Yes, totally. And I actually wish the artists were here more often really. It’s really great to have a conversation about something you do every day just in a totally different way. The last discussion we had with Alec, when we really finalised what he was going to be doing - when he left, the few of us who had been part of that discussion noted that it had been almost therapeutic for us. You can’t really hope for more than that can you?

It was totally unexpected as well because, in fact, I think we’d all been a bit anxious about how we were going to do it -
“Where is this person going to sit?” “How are the patients going to come into contact with him?” “What health and safety do we need to worry about?” All those kind of things which we’d been focusing on which are important. But then the conversation was just so different really. We did deal with those issues. That I guess enabled us to focus on the artistic part.

They’re easier to deal with. In a way it might be a way of avoiding giving yourself expectations that you might be disappointed in.

I think for us as non-artists we’ve found it very, very difficult. Certainly I didn’t really, at any point, have any expectations about the product being important. I still don’t really.

No. I’m very pleased is that it’s been more than a process of facilitation.

Yes. I think that’s absolutely true. And I think the lab people are now sufficiently intrigued – because they weren’t included in the original discussion, which I think has held that back a little bit. But I think they’re now sufficiently intrigued. To just see how this can turn into a piece of art - Iain just sent something I think he’d done quite quickly to us to look at and that was really, really helpful. “Ah this is the kind of thing that can happen.” For a non-artist you’ve just got no idea. When you just see anything that transforms what you’ve been working with into what clearly is a piece of art then suddenly it’s like, “Ah now I understand it.”

What’s the benefit of the art?

I haven’t got a clue. But I know that the process is intriguing and enriching for us.

There’s a different perspective, viewing the materials and things that you work with on a day-to-day level in just a totally different way. But having to talk about your work with somebody who comes from a totally different angle is helpful I think whatever you do, because you have to explain it in different words and think about it in other ways. So that’s important I think.

I guess that’s not like your explaining it to other scientists or even to patients.

No, not at all. It’s more similar to explaining it to patients. But then with patients you have a whole set of sensibilities that you have to be very aware of as well. So yes, it’s different and enriching for that reason.
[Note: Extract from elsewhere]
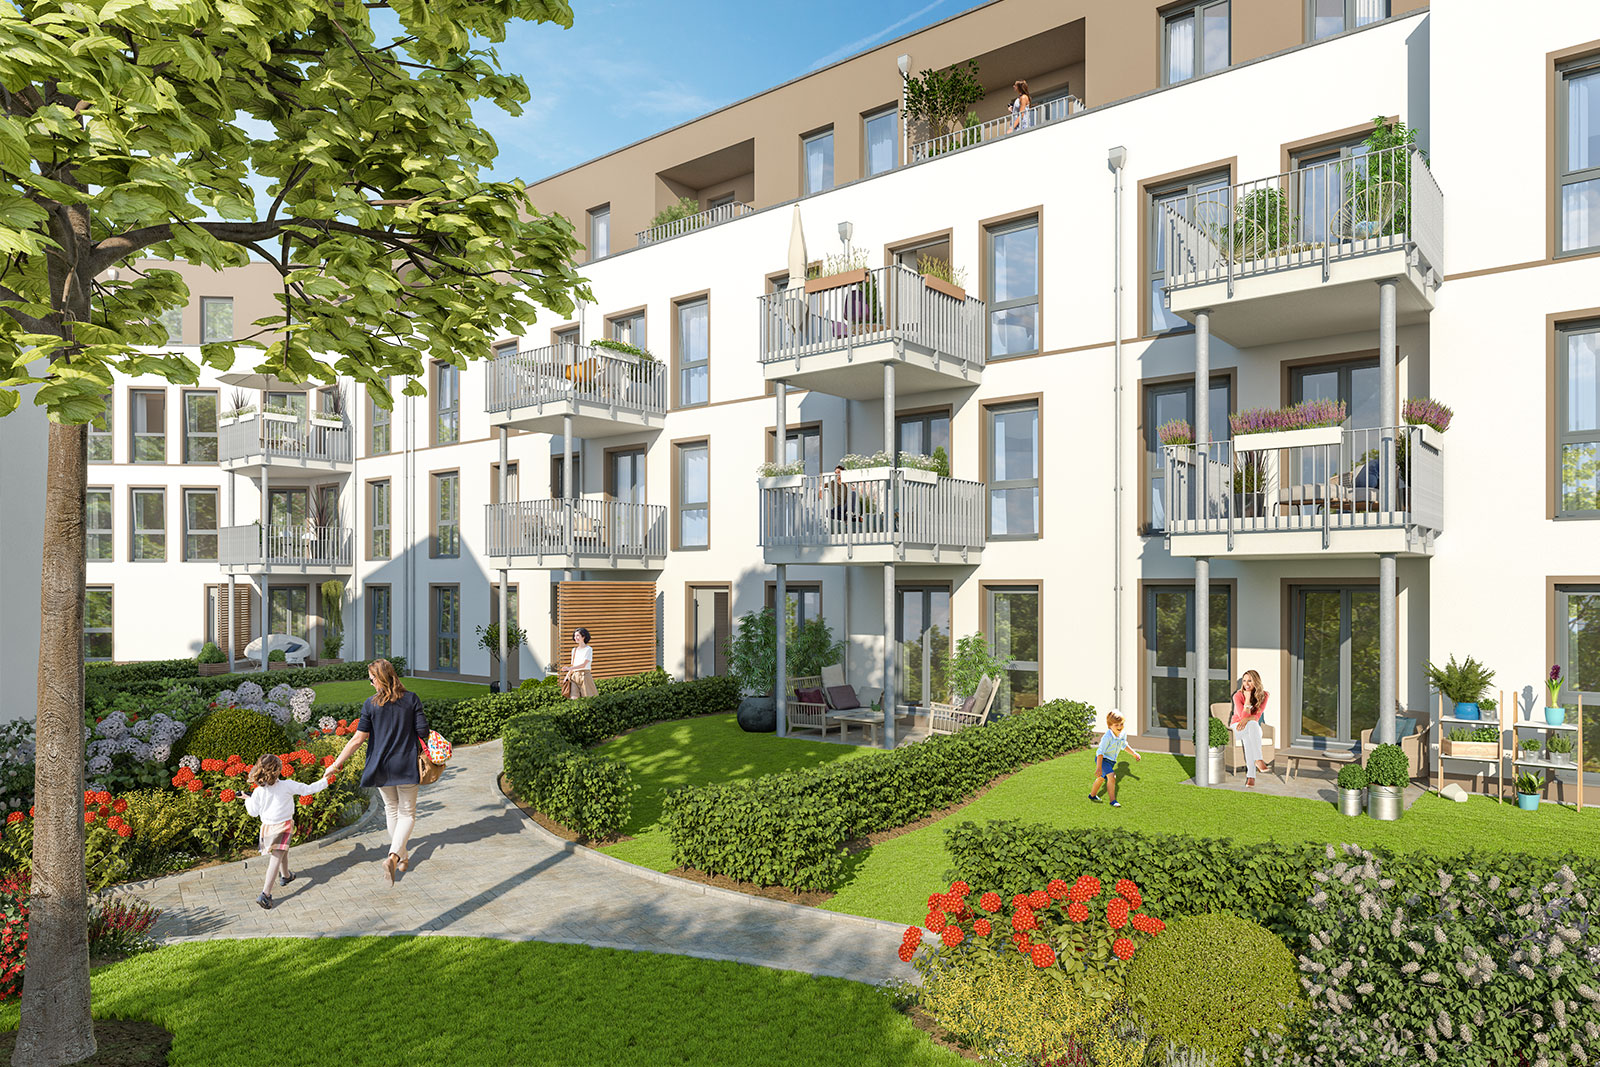 verkauf von 33 eigentumswohnungen in berlin marienfelde. Black Bedroom Furniture Sets. Home Design Ideas

Anything else you want to say?

Having said that it’s all on the same timescales as we’re used to, I do have a certain sense of impatience at really, really wanting things to move now to the next level. I feel that we’ve done some really good work. Well certainly the artists have done most of it. But we’ve helped with what should the project be. I think I’m itching now to actually do it.

What do you think this project should be?

Two different things. With Alec’s project I’m looking forward to seeing how the patients respond. Much more than what’s the output going to be, that’s what I’m looking forward to. With Iain and the Lab, we’ve had a little taste of what kind of things could be generated from our raw material. I want to see where that goes. So in that one I think I probably am more interested in the outputs, the traditional outputs. But also interested to see how the people working in the lab respond to the whole project, because I almost feel like I almost imposed that on them a little bit, whereas the clinical team were involved right from the beginning.